Nebivolol blocks β1- and β2-receptors, with many times greater selectivity for β1-receptors. A blockade of β1-receptors prevents endogenous ligands epinephrine and norepinephrine from binding to these receptors. These normally increase the frequency and force of the heartbeat. Blockade by nebivolol restores the abnormally increased heart rate to normal and allows the heart to pump blood more efficiently into the circulation. By blocking the β2-receptors, the smooth muscle of the blood vessels relaxes, resulting in a decrease in blood pressure. However, due to the high selectivity for β1-receptors, this effect is not very pronounced.

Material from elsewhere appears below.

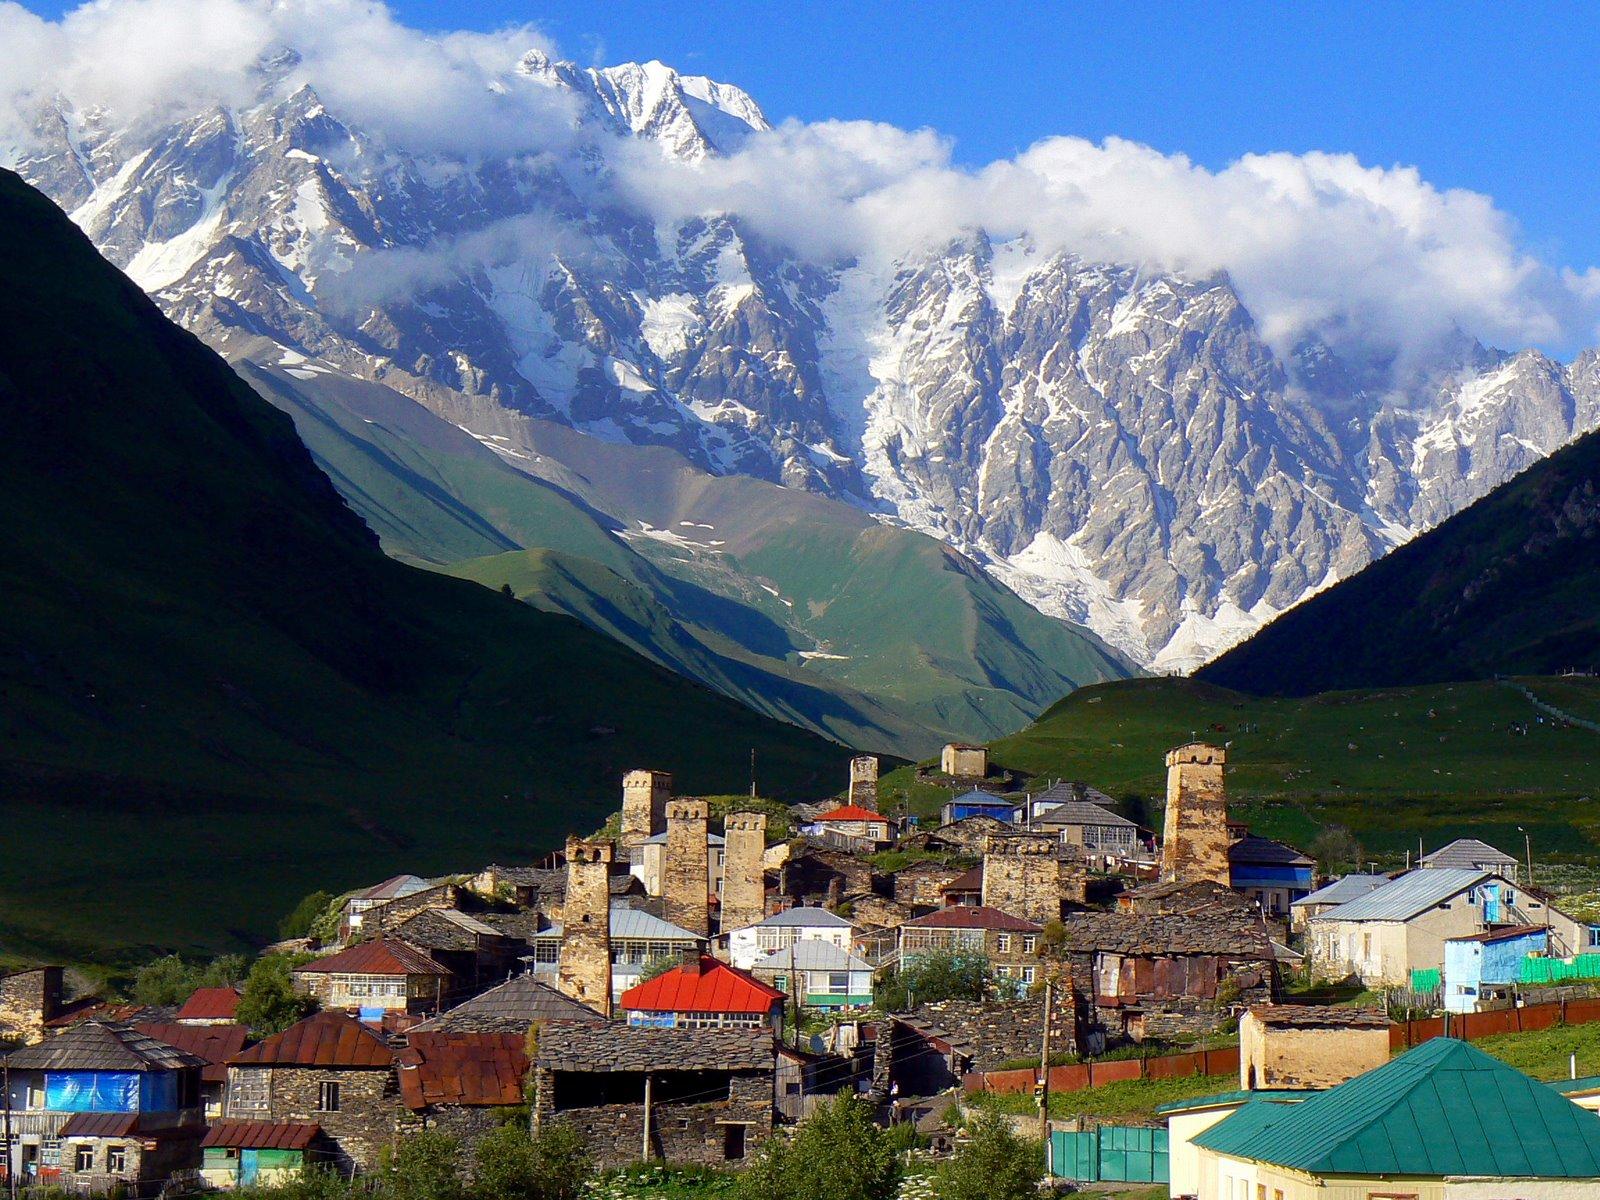 Британское издание Telegraph назвало Грузию одним из самых безопасных туристических направлений в Европе

Absorption of nebivolol is not influenced by food intake. The maximum plasma level is reached after approximately 2-4 hours. The drug is 98% bound to serum albumin. Excretion occurs in both urine and stool. The half-life is about 12 hours.

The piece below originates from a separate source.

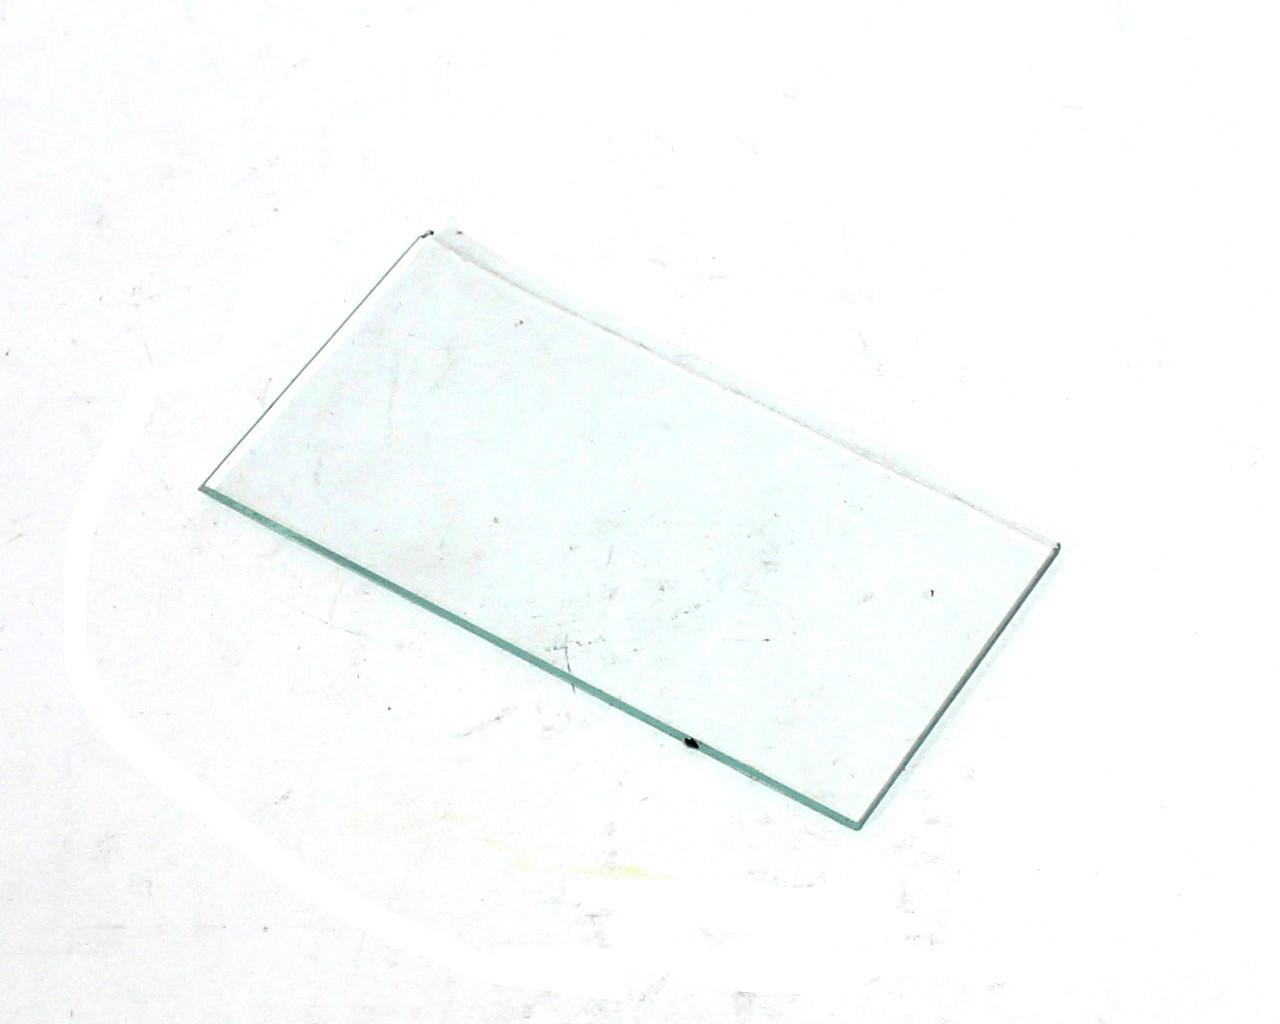 Стекло защитное прозрачное 52/102 мм толщина 2 мм

Metabolism occurs in the liver and is catalyzed primarily by the enzyme CYP2D6. Due to genetic variations in the population, there are individuals who produce increased or decreased amounts of this enzyme. This can lead to considerable variations in the active ingredient in these individuals, which can influence the effect. Especially in the so-called "poor CYP2D6 metabolizers" (too little CYP2D6 present), increased plasma levels and thus increased undesirable side effects may occur after taking nebivolol. This particularly affects parts of the Caucasian population and individuals of African descent.
Simultaneous intake with substances that are also degraded by CYP2D6 or intake of substances that inhibit or induce CYP2D6 may lead to altered serum concentrations. This may result in increased side effects or a lack of effect.